The cheapest way to go is a ballast kit.
You can mount it on a board or put it in a metal box.

You also will need a socket.

http://www.businesslights.com/400w-venture-metal-halide-quad-tap-cwa-ballast-kit-p-50.html This one is $39


----------



## smokybear (Mar 6, 2008)

The ballast kit is probably the way to go then. $60 isnt that much so Im not really sure. Take a look around on the net and Im sure you will find something.
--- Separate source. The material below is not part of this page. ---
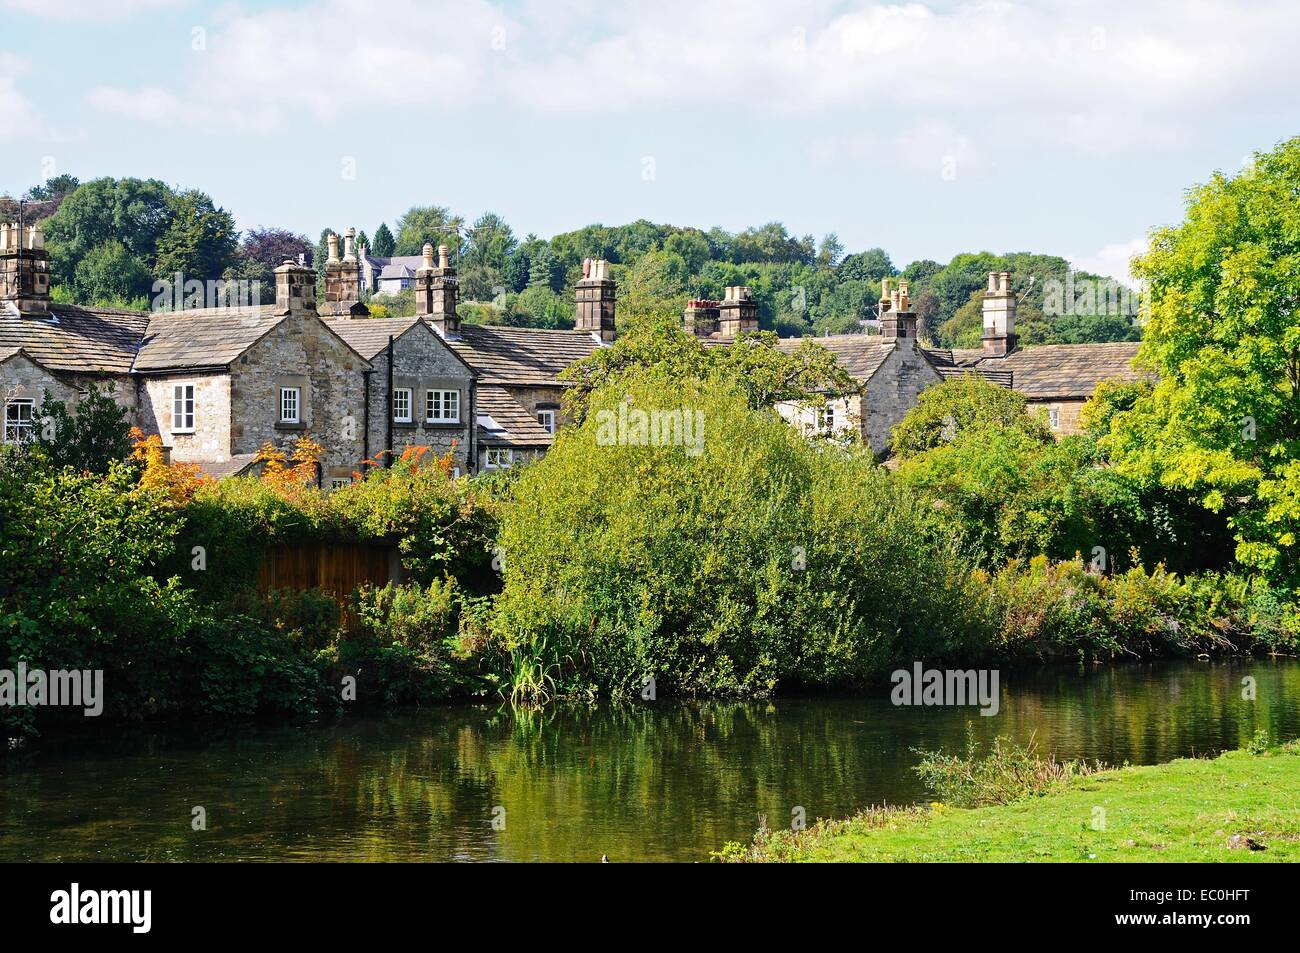 Chalets le long de la rivière Wye, Bakewell, Derbyshire, Angleterre, Royaume-Uni, Europe de l'Ouest. Banque D'Images
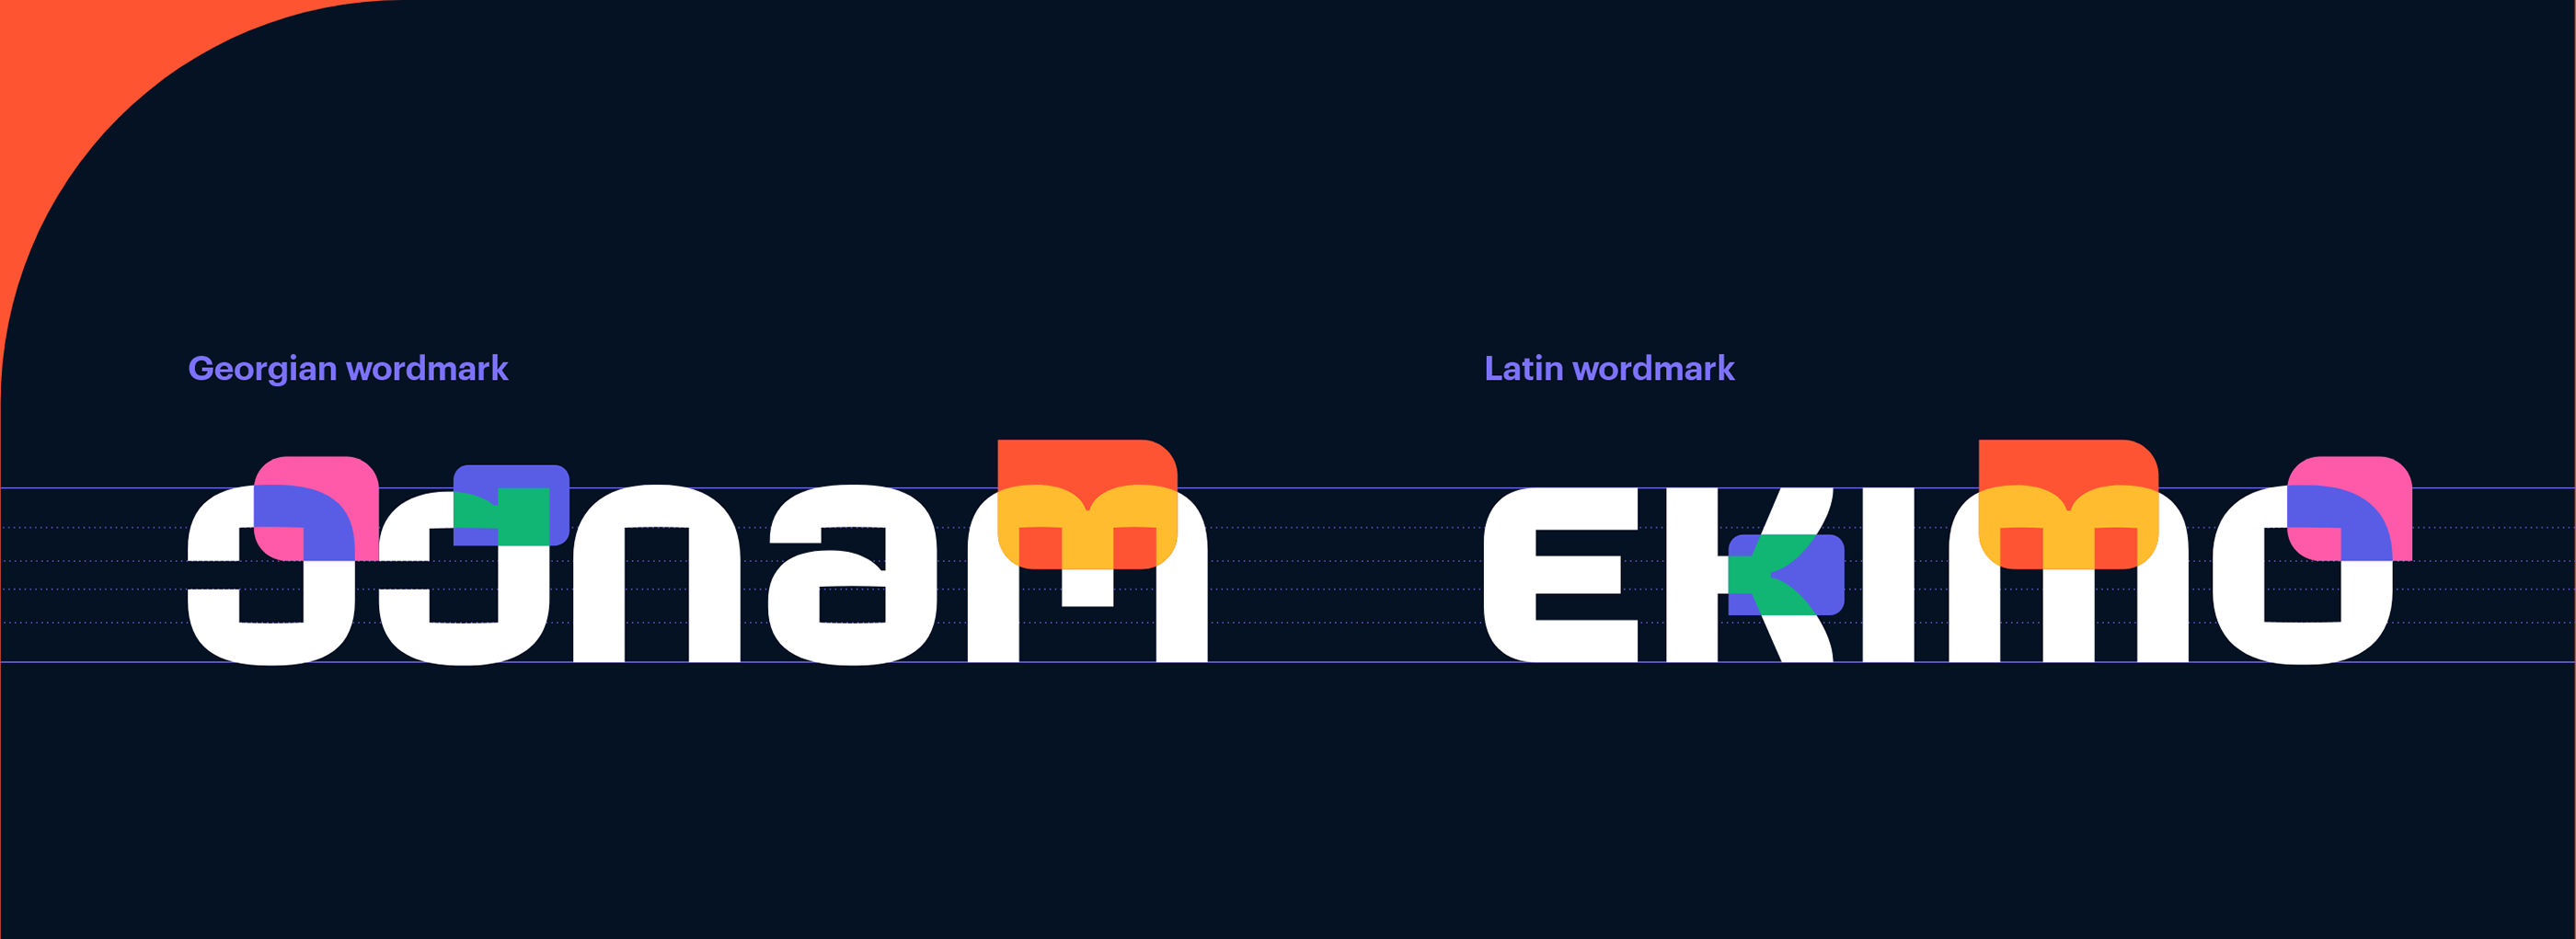 EKIMO - Rebranded Identity

Good luck and take care.


----------



## Ganja_Greg (Mar 6, 2008)

Growdude said:
			
		

> The cheapest way to go is a ballast kit.
> You can mount it on a board or put it in a metal box.
> 
> You also will need a socket.
> ...


 

how much for a socket?


GG


----------



## Growdude (Mar 6, 2008)

Ganja_Greg said:
			
		

> how much for a socket?
> 
> 
> GG


 
$3.90 http://www.businesslights.com/5kv-mogul-base-socket-w12-inch-leads-case50-p-1667.html


----------



## Fretless (Mar 6, 2008)

I believe you can also find supplies like this in local electrical supply shops, although I don't know if 400 watt is standard outside of hydroponics.


----------



## Growdude (Mar 6, 2008)

bearfootbob said:
			
		

> I believe you can also find supplies like this in local electrical supply shops, although I don't know if 400 watt is standard outside of hydroponics.


 
Its the 600w thats not standard.


----------



## DeathPanx420 (Mar 18, 2008)

check www.craigslist.com and search hps or hid lights i found 1000 watt hps $100 *** sun system cant beat that and cool dude who sold it to me this is win win cheap and fine you can even fine just ballast on there..chekc it


----------



## Cook_ (Mar 20, 2008)

id just save my money man if you cant afford this http://cgi.ebay.com/150-watt-HPS-gr...ryZ42225QQssPageNameZWDVWQQrdZ1QQcmdZViewItem CFL is the way to go anyways you didnt give us a reason why it needed 2 be under $60 cause it doesnt sound like your gonna need abig light like 400hps if your budget is $60


----------



## Smelly Jelly (Mar 20, 2008)

http://www.1000bulbs.com/400-Watt-Metal-Halide-Ballast/32380/

this is 44.95 i know someone who personally uses it works like a charm


----------



## POTDOC (Mar 30, 2008)

go to insidesun.com compleate light for $100 400 watt hps


----------



## trillions of atoms (Mar 30, 2008)

insidesun.com


----------